The mechanism of arsenic trioxide-inducing apoptosis of K562 cells.
- Author:
Xu-Hui ZHANG
1
;
Ri ZHANG
;
Zi-Ling ZHU
;
Wei WANG
Author Information
1. Jiangsu Institute of Hematology, The First Affiliated Hospital of Suzhou University, Suzhou, 215006 China.
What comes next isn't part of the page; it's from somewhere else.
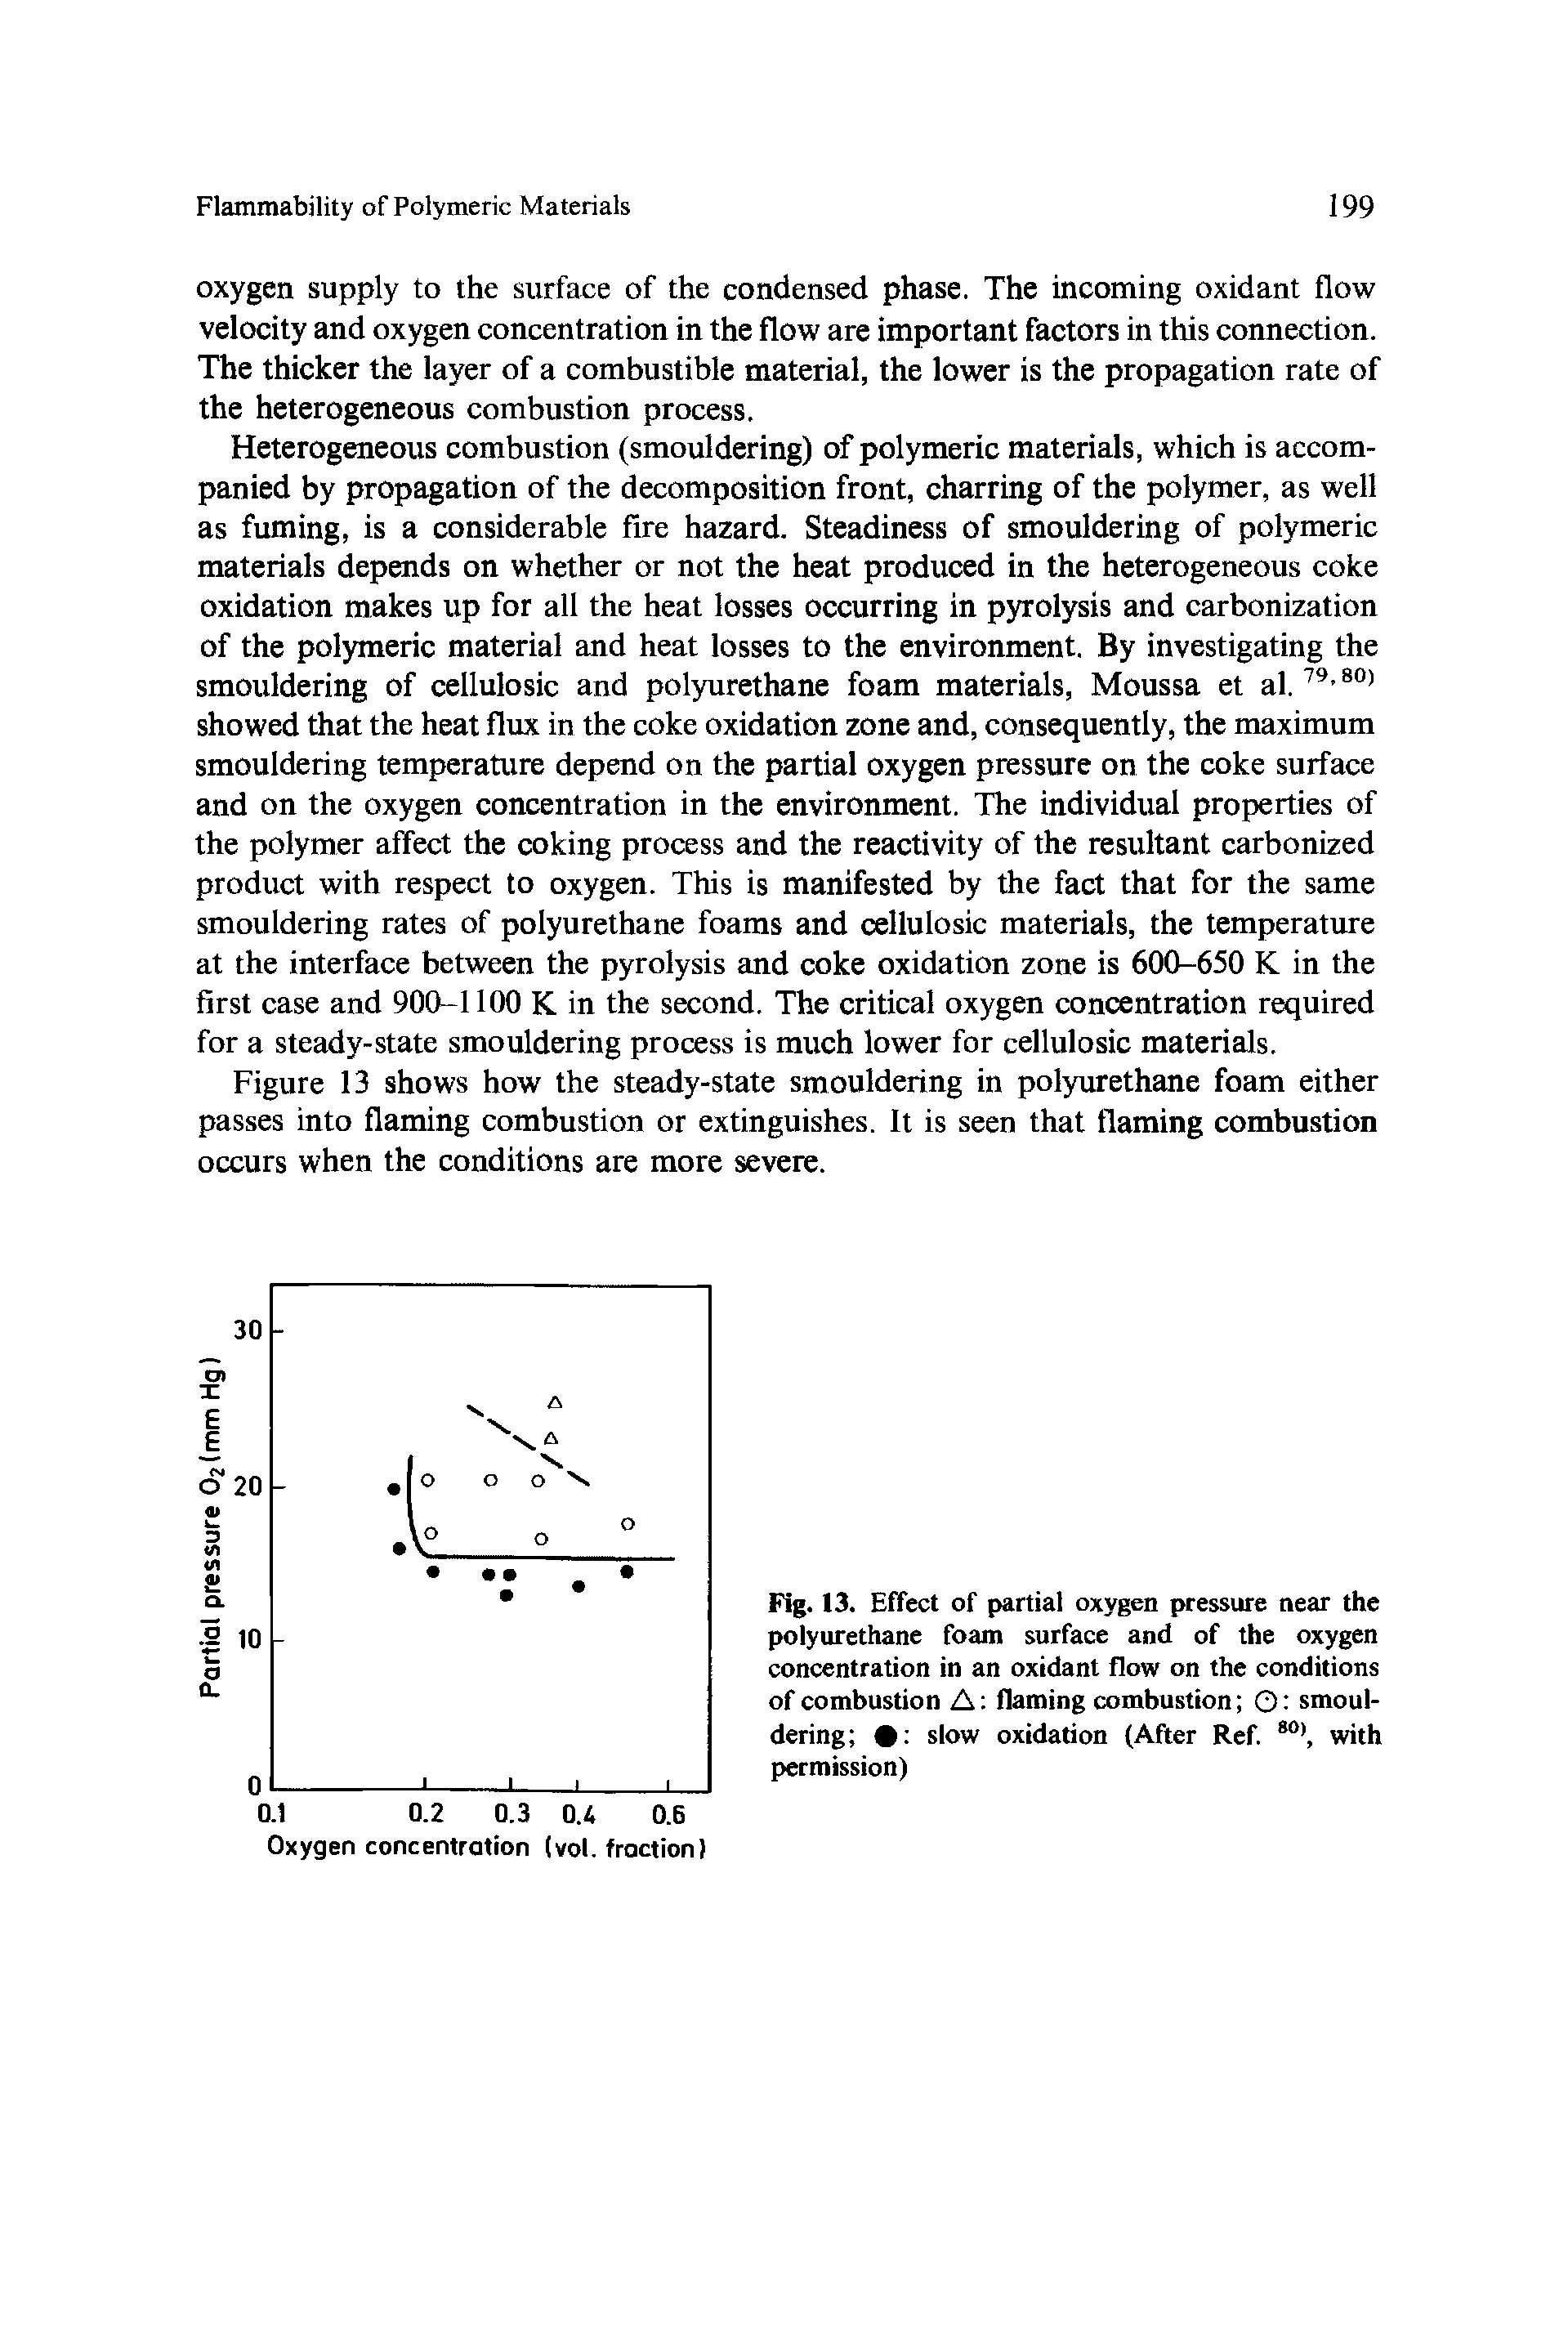 Fig. 13. Effect of partial oxygen pressure near the polyurethane foam surface and of the oxygen concentration in an oxidant flow on the conditions of combustion A flaming combustion O smouldering slow oxidation (After Ref. with permission)...

- Publication Type:Journal Article
- MeSH:
Antineoplastic Agents;
pharmacology;
Apoptosis;
drug effects;
Arsenicals;
pharmacology;
Caspase 3;
Caspases;
metabolism;
Cell Cycle;
drug effects;
Cell Proliferation;
drug effects;
Cytochromes c;
analysis;
Fusion Proteins, bcr-abl;
genetics;
Humans;
K562 Cells;
Oxides;
pharmacology;
Proto-Oncogene Proteins c-bcl-2;
genetics;
bcl-X Protein
- From:
Journal of Experimental Hematology
2004;12(5):558-562
- CountryChina
- Language:Chinese
-
Abstract:
The aim was to investigate the mechanism of arsenic trioxide (ATO) inducing apoptosis of K562 cells that express P210Bcr-Abl. Apoptosis was analyzed by cell proliferation assay, morphological changes, DNA-PI staining and cell cycle analysis. ELISA kits were also used to analyze the concentration of cytosolic cytochrome C and activation of caspase-3. Transcriptional levels of Bcl-XL and Bcr-Abl were assayed by semiquantitative reverse transcription polymerase chain reaction (RT-PCR). The results showed that K562 cells were induced to apoptosis after exposure to 2.5 micromol/L ATO for at least 48 hours, and the cell cycle of K562 cells was arrested at the G2/M phase. Caspase-3 was activated and there was a cytosolic accumulation of cytochrome C. ATO could only reduce the transcriptional level of Bcl-XL, but could not down-regulate the Bcr-Abl transcriptional level. In conclusion, ATO can induce K562 cells to apoptosis. The signal pathway mediated by the cytosolic translocation of mitochondria cytochrome C is one of the mechanisms for ATO inducing apoptosis. And the decrease of Bcl-XL may induce more apoptosis.